>>>>
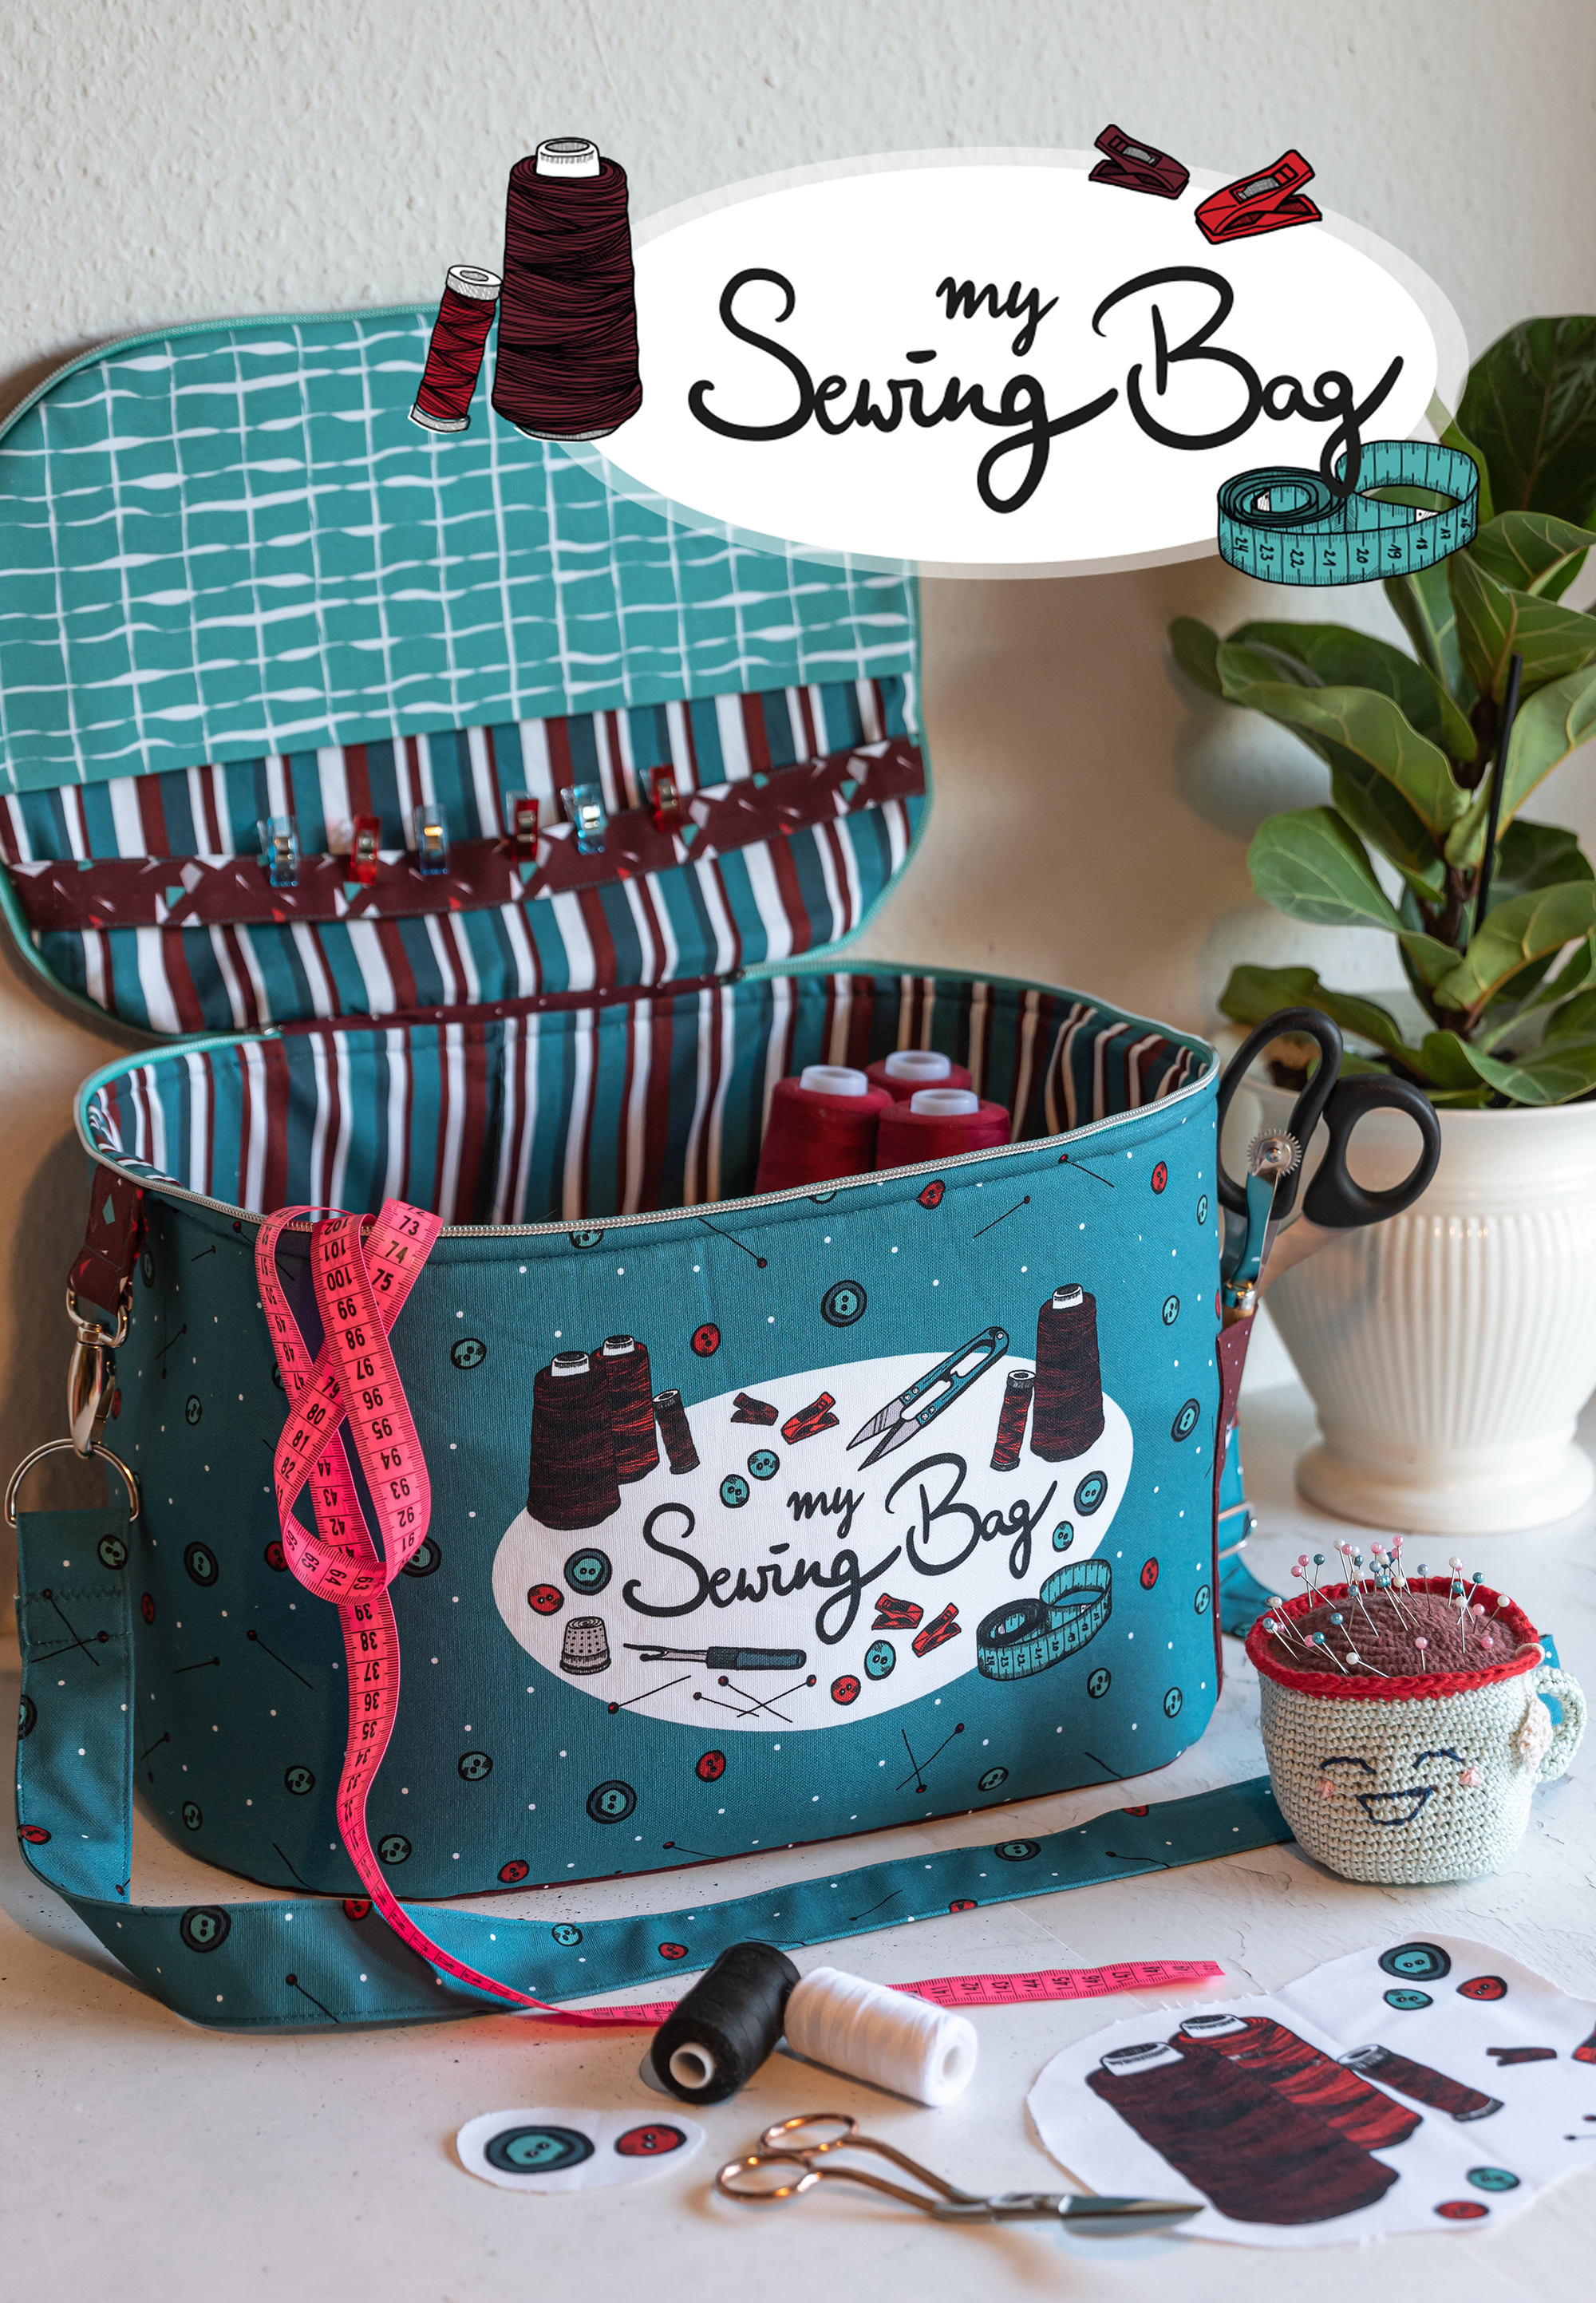 My Sewing Bag Nähutensilien-Tasche / DIY Panel in blau-ocker
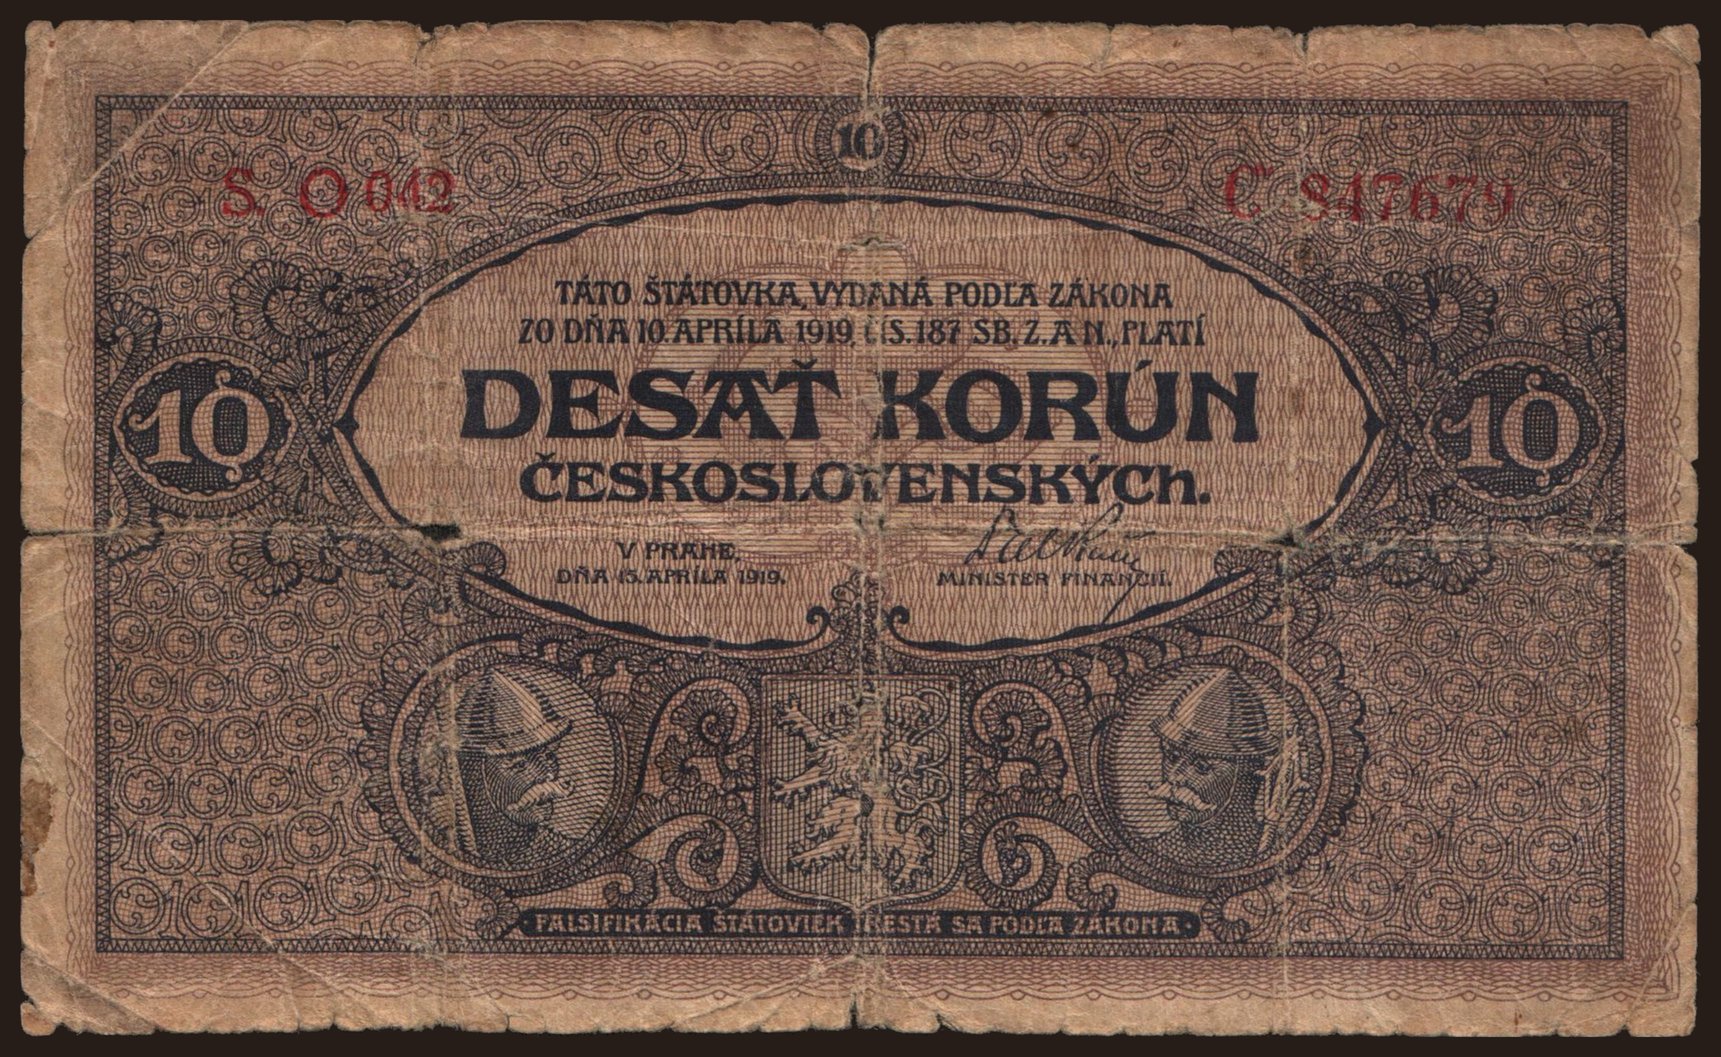 10 korun, 1919
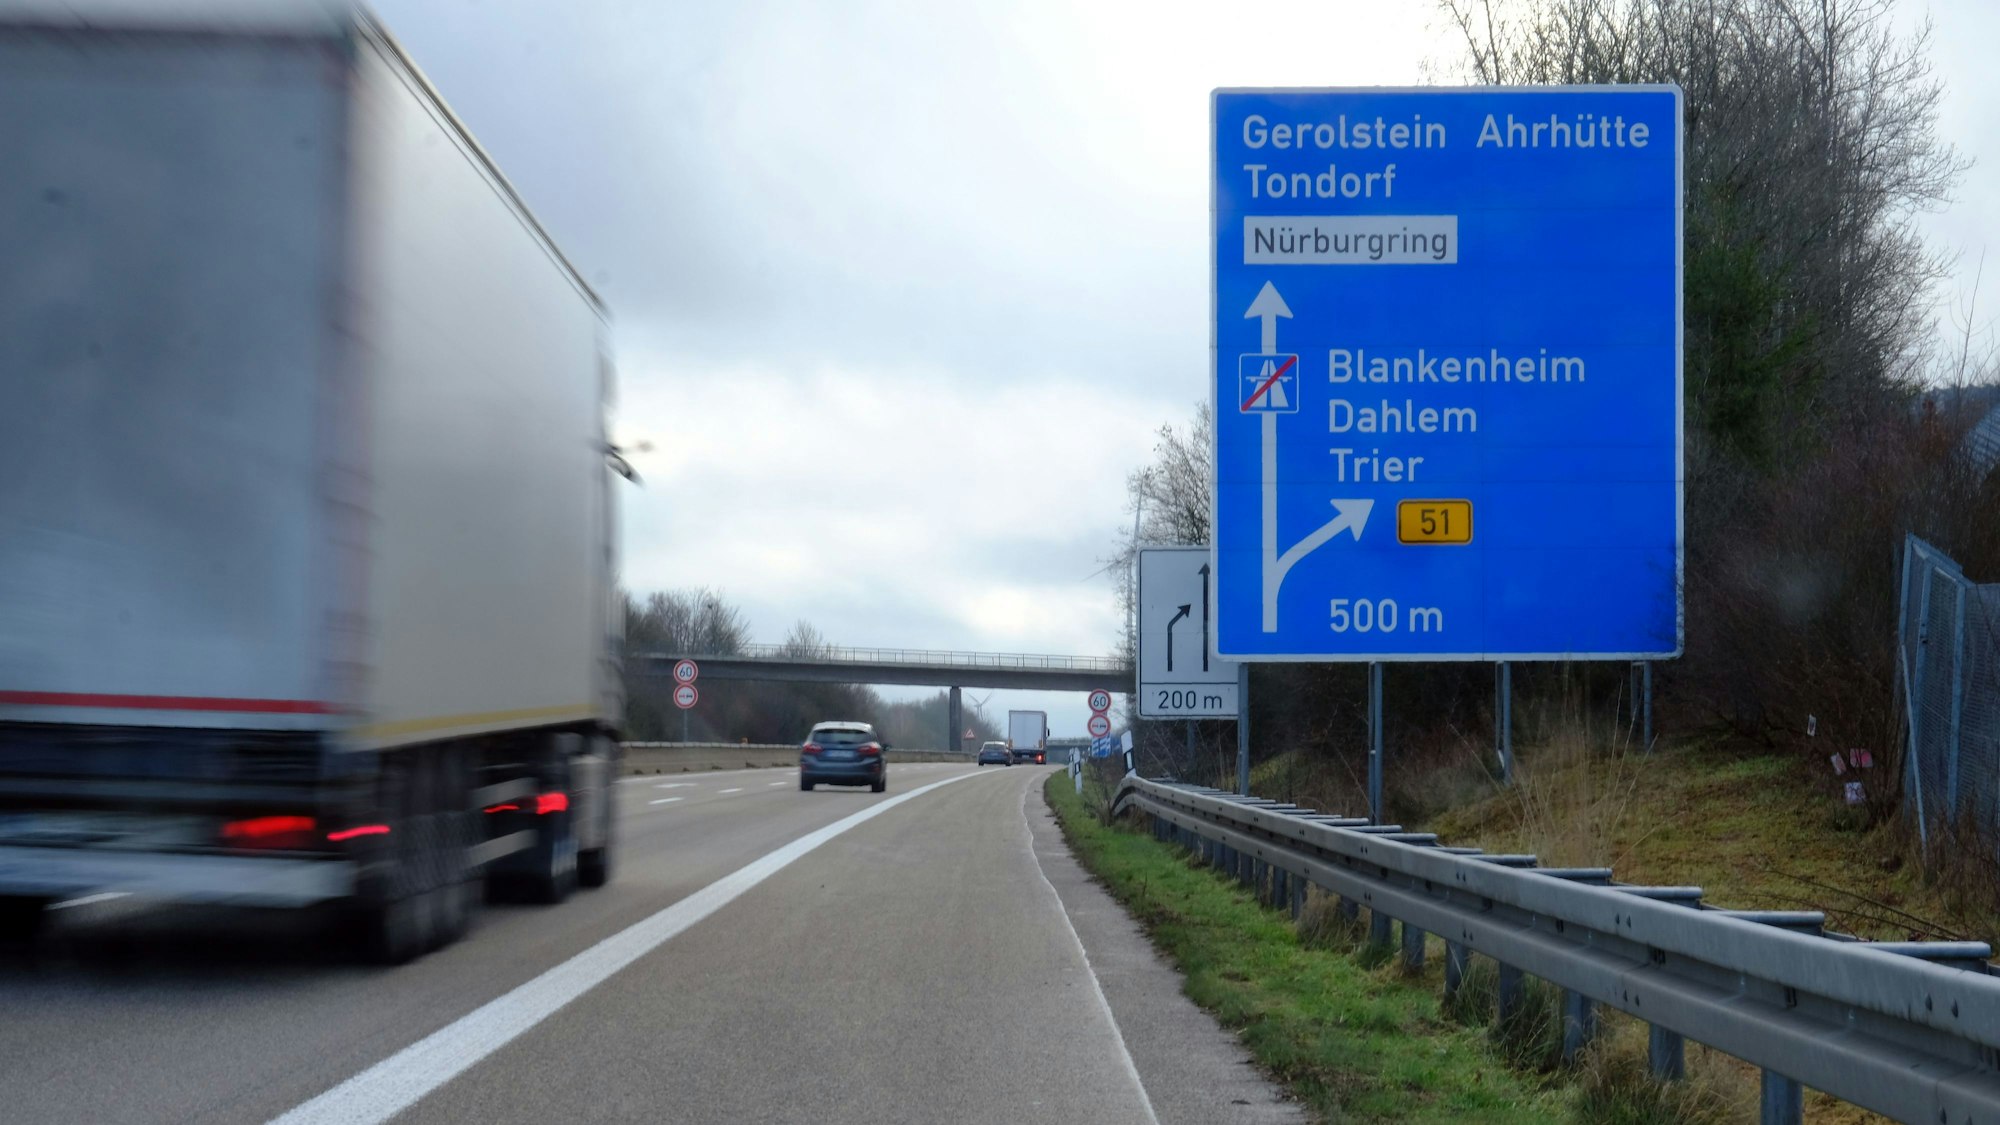 Ausbauende der Autobahn 1 A1 bei Nettersheim-Tondorf, Abfahrt Blankenheim.
<<<<
§ TASK ITEM:
Copy each line above exactly. Images do not belong in the copy.

§ ANSWER TO THE EXERCISE:
 My Sewing Bag Nähutensilien-Tasche / DIY Panel in blau-ocker
 10 korun, 1919
 Ausbauende der Autobahn 1 A1 bei Nettersheim-Tondorf, Abfahrt Blankenheim.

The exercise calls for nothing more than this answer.